The product spectrum and yield of PM residues demonstrated competitive advantages for valorization compared to other medicinal herb residues and dedicated energy crops. For instance, the yield of furfural from PM slow pyrolysis (19.68% relative abundance, Table 7) was notably higher than that of Salvia miltiorrhiza residues (approximately 10–15% under similar conditions) [7]. This highlights PM’s potential as a superior feedstock for producing this high-value chemical. Furthermore, the high abundance of phenolic compounds (18.18% in fast pyrolysis) was comparable to or exceeded that of many lignocellulosic energy crops, such as switchgrass (17.95%) [34]. High-value products included furfural, a platform chemical for resins and solvents [33], and hydroxyacetone, a demonstrated precursor for bio-based lactic acid synthesis [35]. Styrene and anthraquinone derivatives (notably 1,8-dihydroxy-3-methoxy-6-methylanthraquinone) were confirmed as PM-specific markers [36]. The presence of these specific compounds, particularly the anthraquinone derivatives, presents not only a challenge for downstream bio-oil fuel applications due to potential toxicity but also an opportunity for the recovery of high-value chemicals via an integrated biorefinery approach.

4. Conclusions

In the N₂ atmosphere, the pyrolysis of root residues of PM proceeded through three stages: (1) dehydration below 174 °C involving moisture and light extractives release; (2) primary devolatilization (174–680 °C) accounting for 71.16 wt% mass loss through lignocellulose decomposition; and (3) carbonization above 680 °C characterized by char formation with minimal mass change. Kinetic and thermodynamic analyses revealed exceptional pyrolysis performance, evidenced by apparent activation energies ranging from 219.7 to 354.72 kJ/mol (average R² > 0.994 across FWO/KAS/Starink), consistently low energy barriers (ΔH − E_α < 10 kJ/mol), and high reactivity (lnA = 46.17–70.12 s⁻¹). Product distribution varied with pyrolysis regime: slow pyrolysis favored 3-methylfuran (C₅H₆O, 23.8%), while fast pyrolysis at 600 °C yielded phenol (C₆H₆O) and 2-furanmethanol (C₅H₆O₂) as co-dominant products (18.18% each).
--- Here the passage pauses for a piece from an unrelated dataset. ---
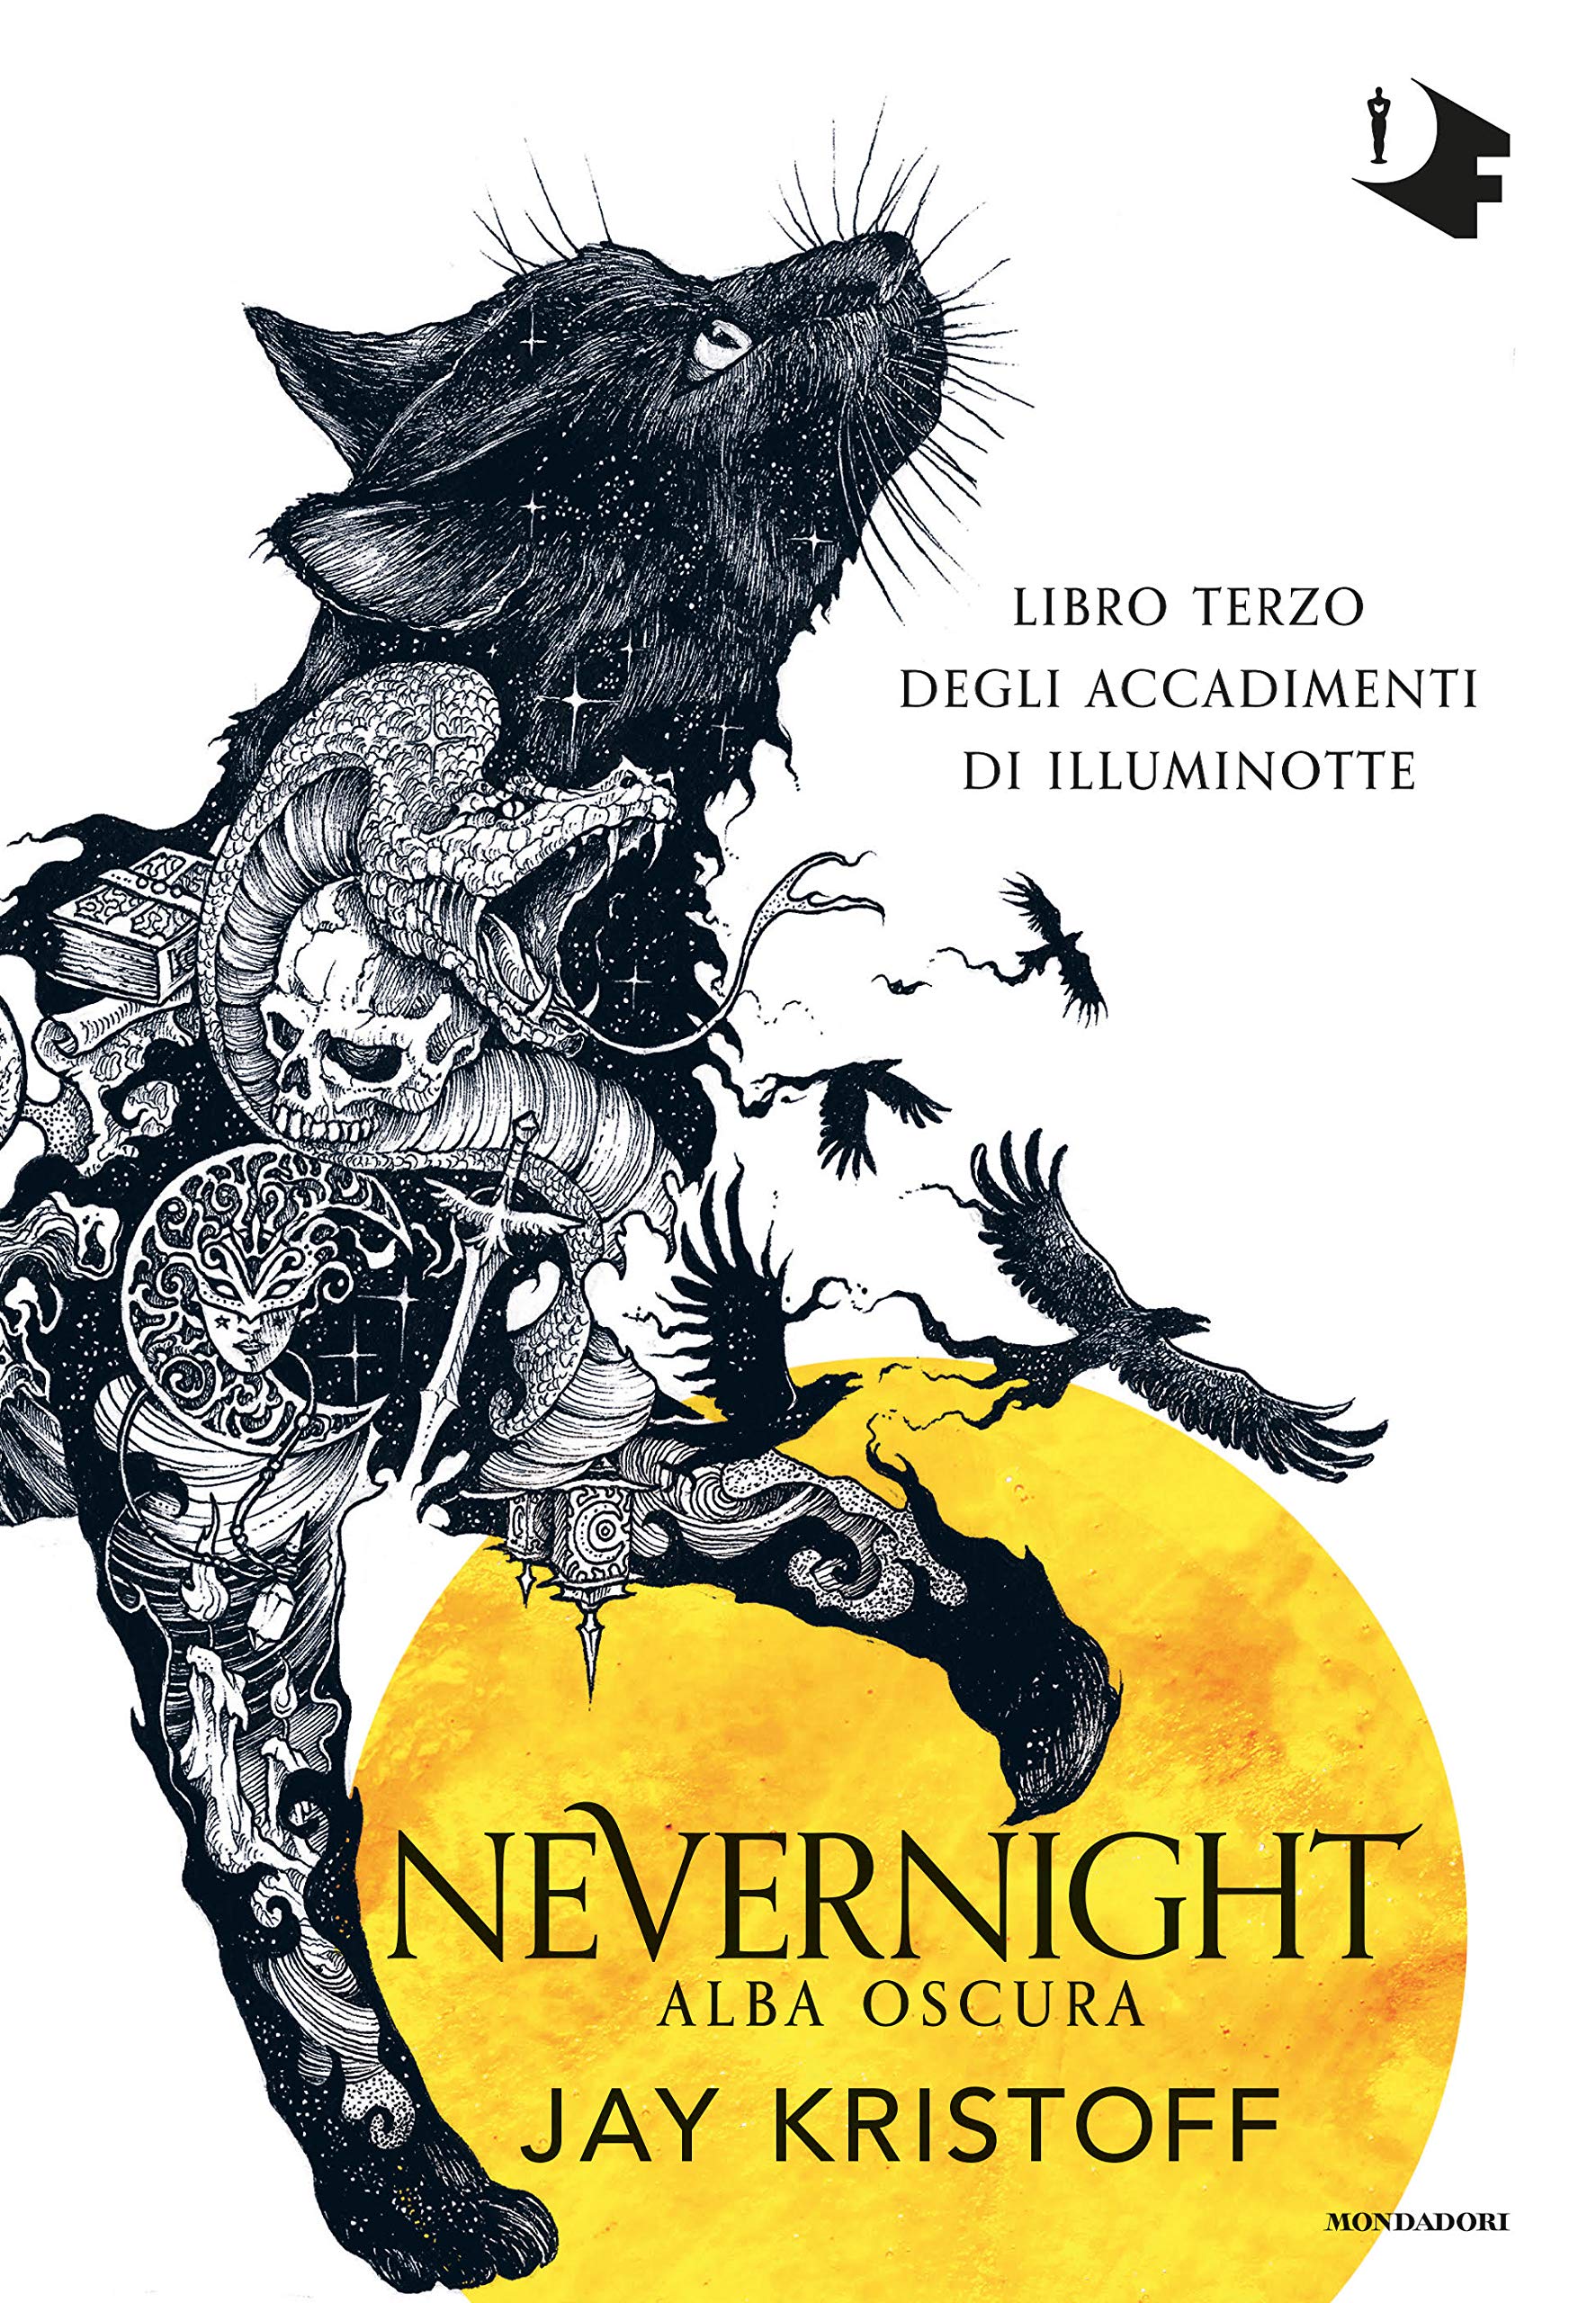 Nevernight. Alba oscura (Libro terzo degli accadimenti di Illuminotte)

These findings demonstrated PM’s dual-value potential through high bioenergy capacity (CPI = 123.76 × 10⁻⁵ at 40 °C/min; volatile matter 69.83 wt%) and recoverable chemicals. This work establishes an efficient pyrolytic pathway for PM residue valorization within a circular bioeconomy framework, thus reducing environmental impact while maximizing resource recovery.